Powdered root, stem and leaf samples (2 g) were digested in a 5 ml of ternary mixture of HNO3:H2SO4:HClO4 (10:1:4 (v/v/v)). By using atomic absorption spectrophotometer (Perkin Elmer, Germany) the concentration of Pb in different samples was measured.

Chlorophyll contents

Fresh leaf samples (0.2 g) after homogenization in 80% acetone were filtered. Finally, total chlorophyll contents of homogenates were measured spectrophotometrically at 645 and 663 nm using method described by Lichtenthaler (1987).

Analysis of lipid peroxidation

According to method described by Heath and Packer (1968), the levels of lipid peroxidation were estimated after evaluating malondialdehyde (MDA) content in tissues. To achieve this, fresh leaf samples (0.5 g) were ground in 5 ml of 0.1% trichloroacetic acid (TCA). Next, resultant was centrifuged for 5 min at 10,000 × g. After adding 1 ml of supernatant to 4 ml of 0.5% thiobarbituric acid (TBA) in 20% TCA, the mixture was incubated at 95 °C for 30 min and then cooled quickly on ice. Finally, the absorbance of centrifuged mixture was evaluated at 532 and 600 nm (E = 155 mM−1 cm−1).

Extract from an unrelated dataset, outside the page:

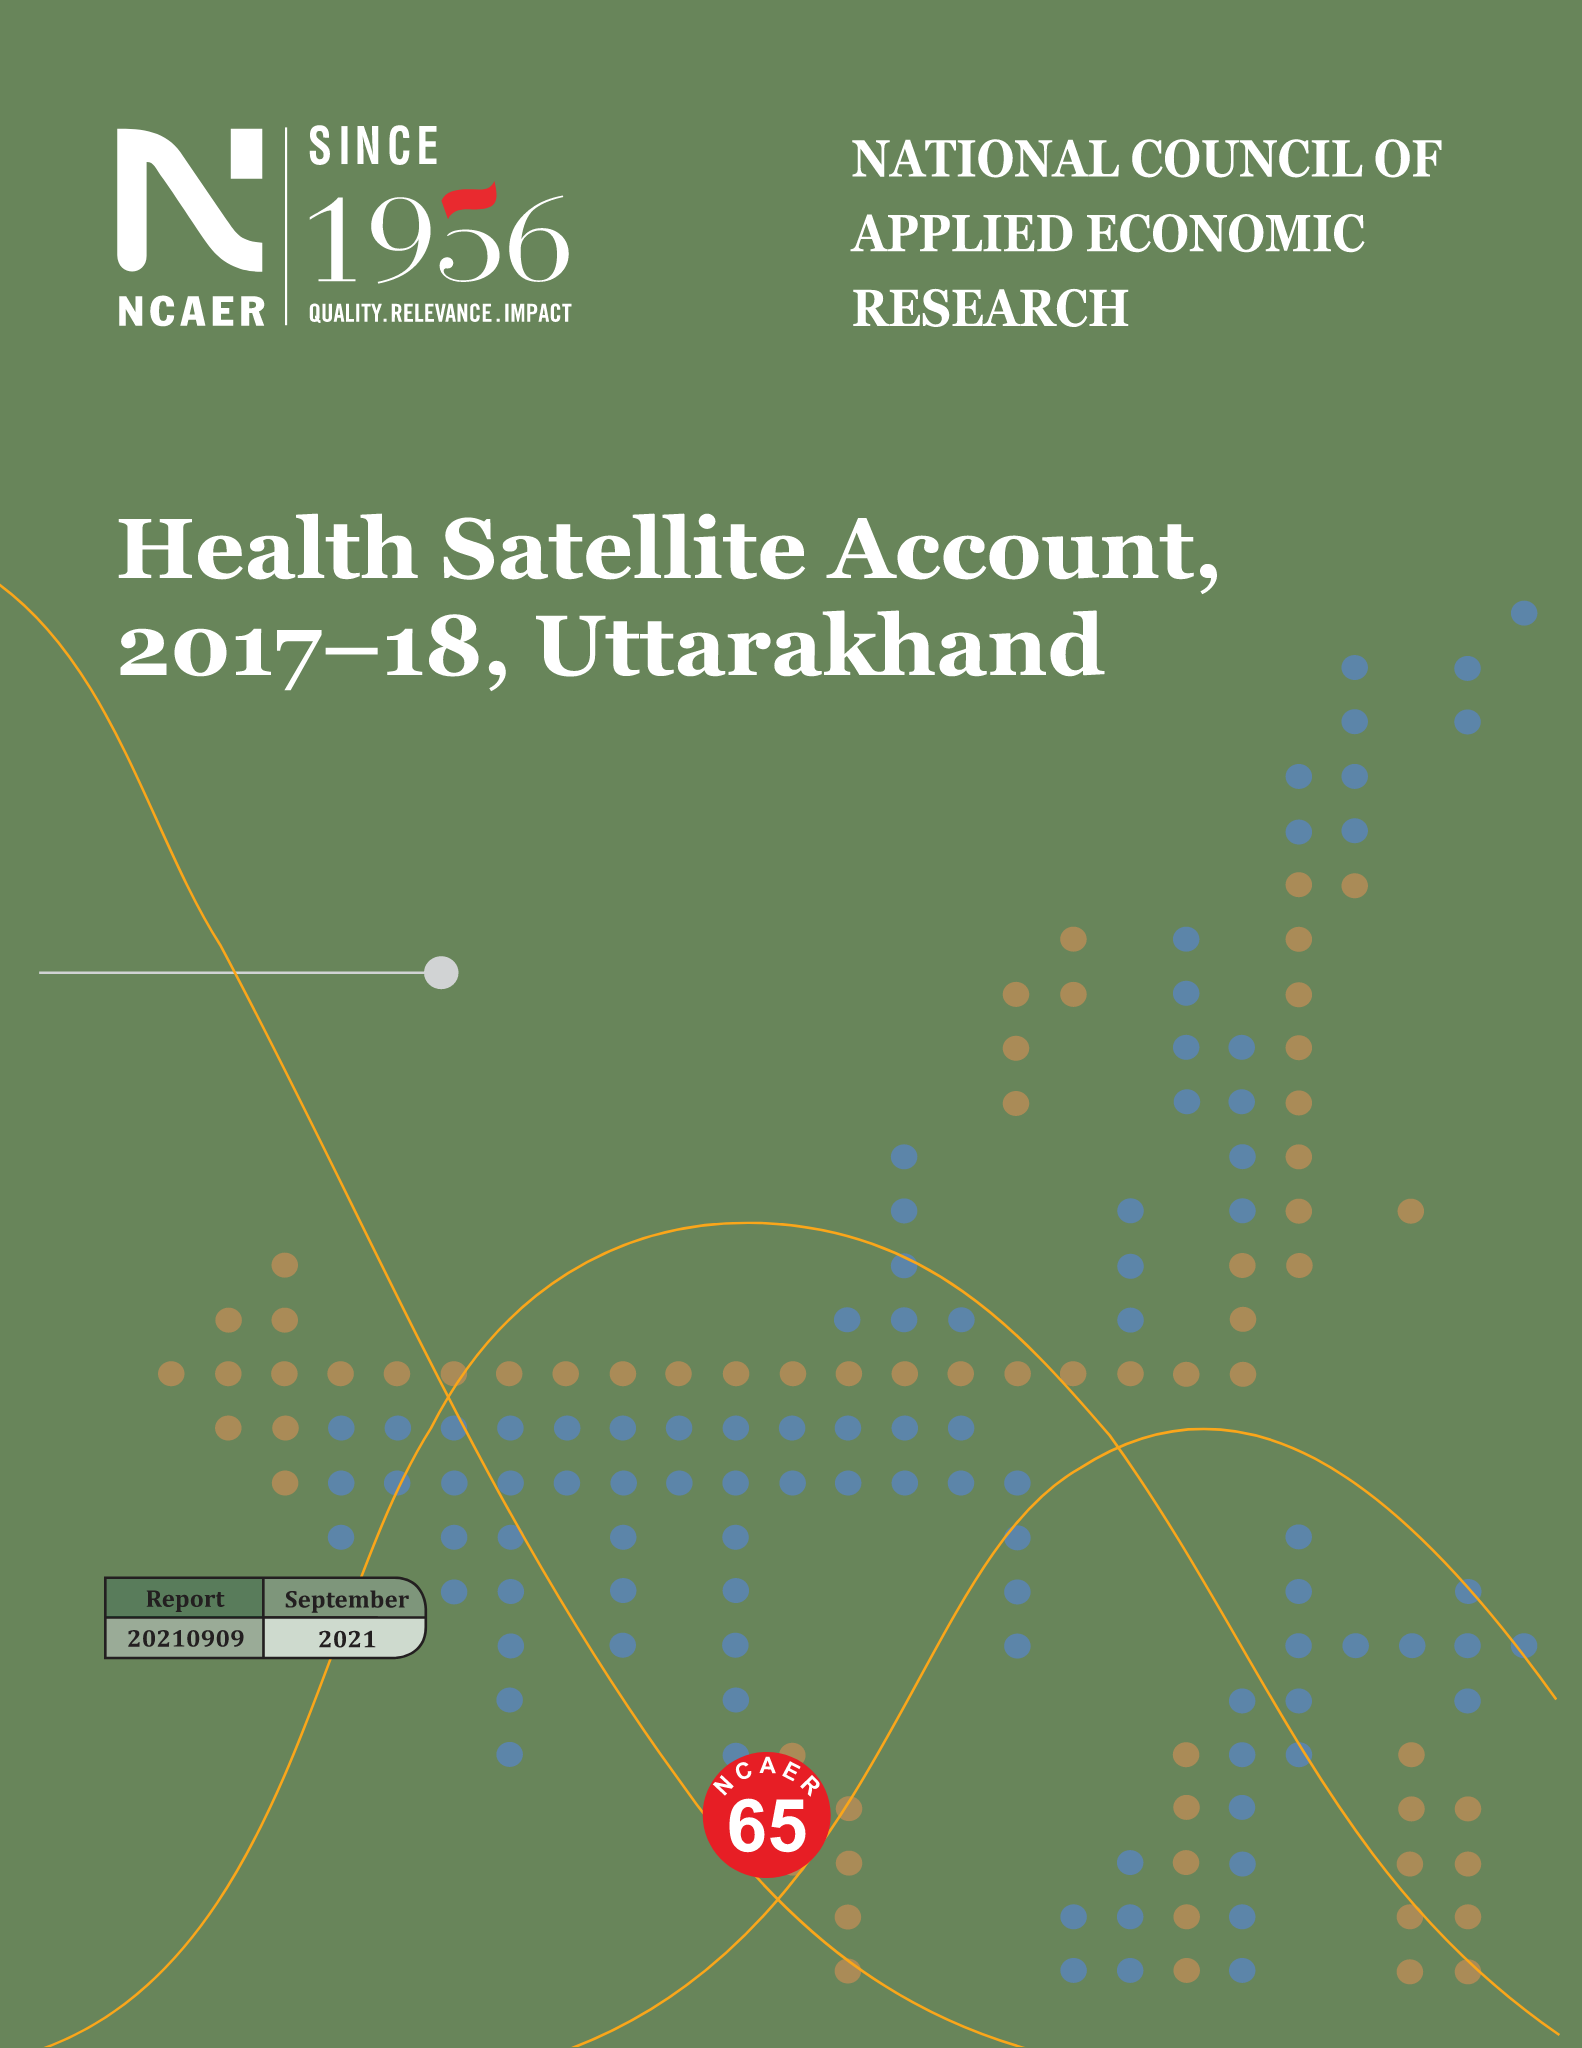 Health Satellite Account 2017-18, Uttarakhand
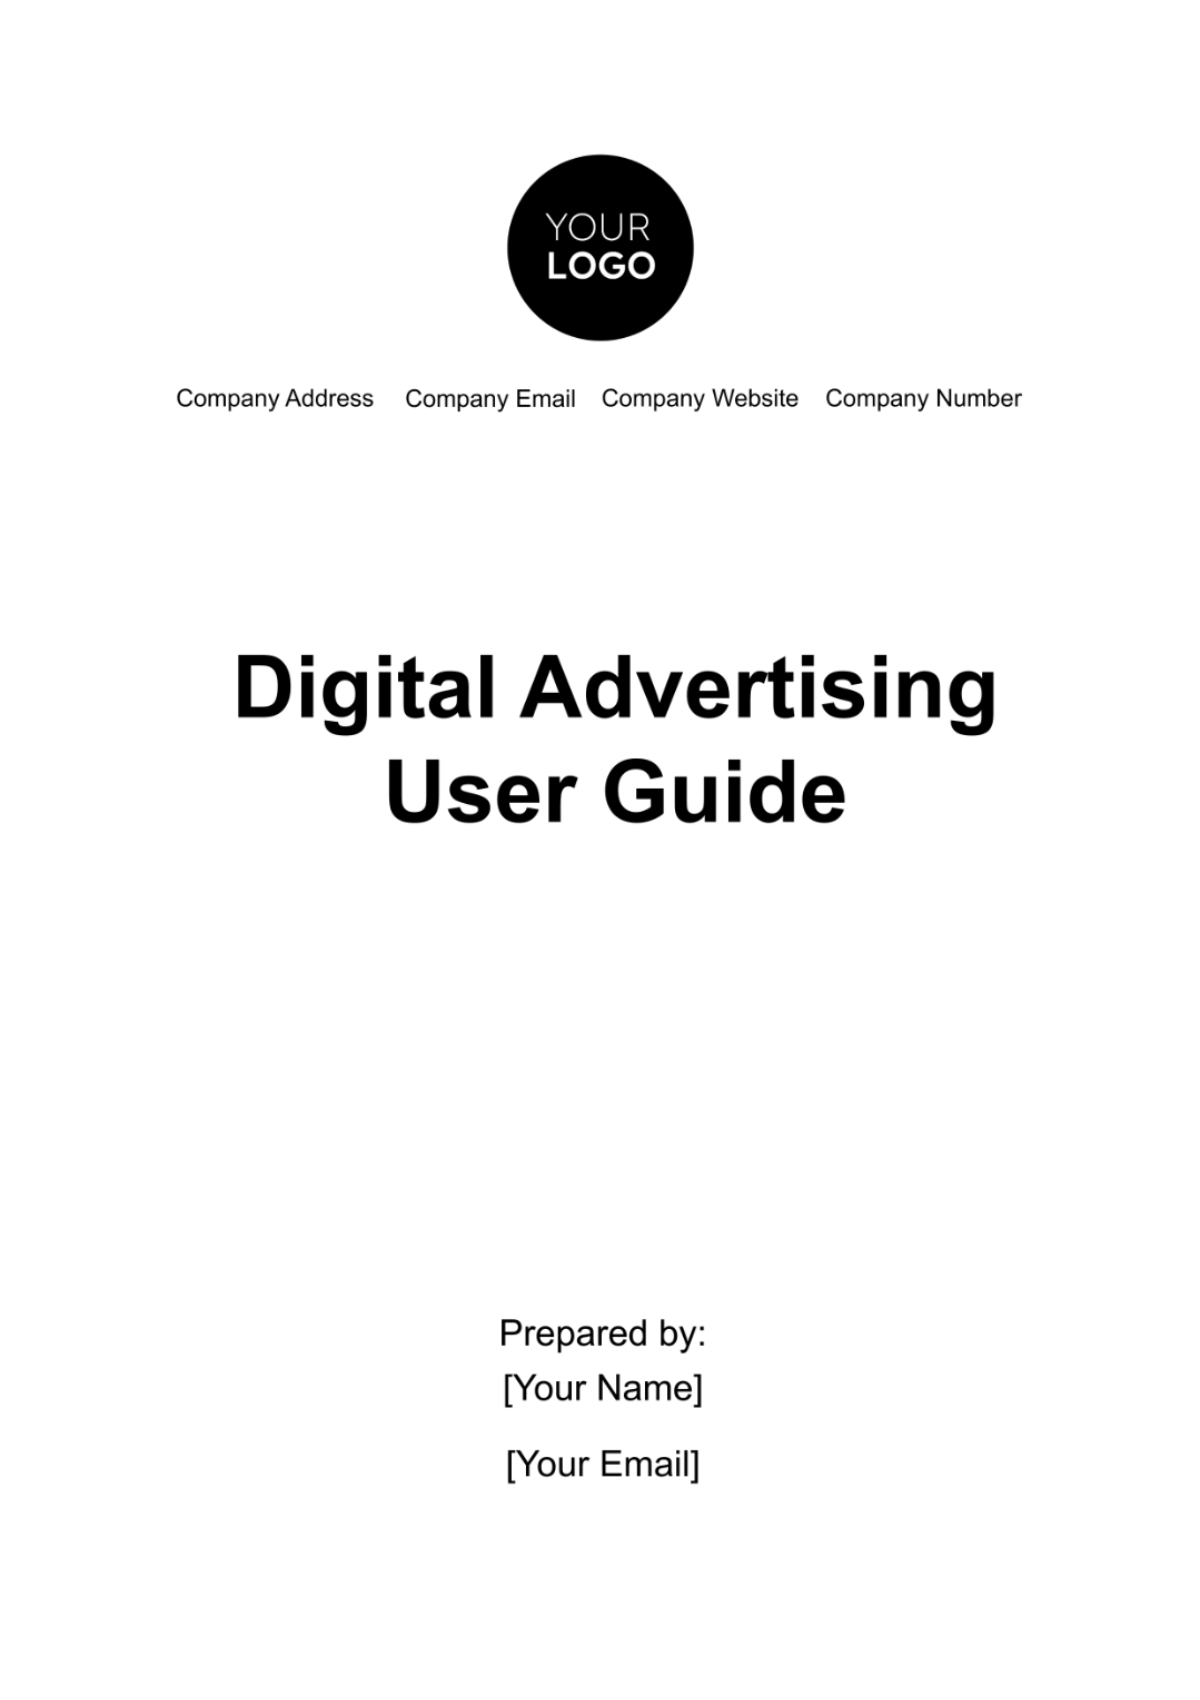 Digital Advertising User Guide Template

Hydrogen peroxide (H2O2) determination

Hydrogen peroxide content measurement was performed spectrophotometrically in accordance to Velikova et al. (2000). The extraction was done using leaf samples (0.2 g) in 3 ml of 0.1% (w/v) TCA in a bath. Supernatant were then centrifuged for 15 min at 12,000 × g. After mixing 0.5 ml of phosphate buffer (pH 7.0) and 1 ml of 1 M KI with 0.5 ml of supernatant, the content of H2O2 was estimated by the measurement of absorbance at 390 nm (E= 0.28 μM−1 cm−1) and stated as μmol g−1 FW (Fresh weight).

GSH and GSSG contents

The recycling method described by Anderson (1985) was used to assess GSH and GSSG content. To achieve this, 500 mg of fresh root and leaf samples were homogenized in 0.3 ml of 5% sulfosalicylic acid. After that, the supernatant was centrifuged at 10,000 × g for 10 min and then, a 0.5 ml aliquot of supernatant was added in a tube containing 0.5 ml reaction buffer [0.1 M phosphate buffer (pH 7.0), 0.5 mM EDTA and 50 μl of 3 mM 5,5′-dithio-bis (2-nitrobenzoic acid) (DTNB)]. The determination of GSH content was done by reading the absorbance at 412 nm. GSSG was calculated by subtracting the GSH from the total glutathione concentration.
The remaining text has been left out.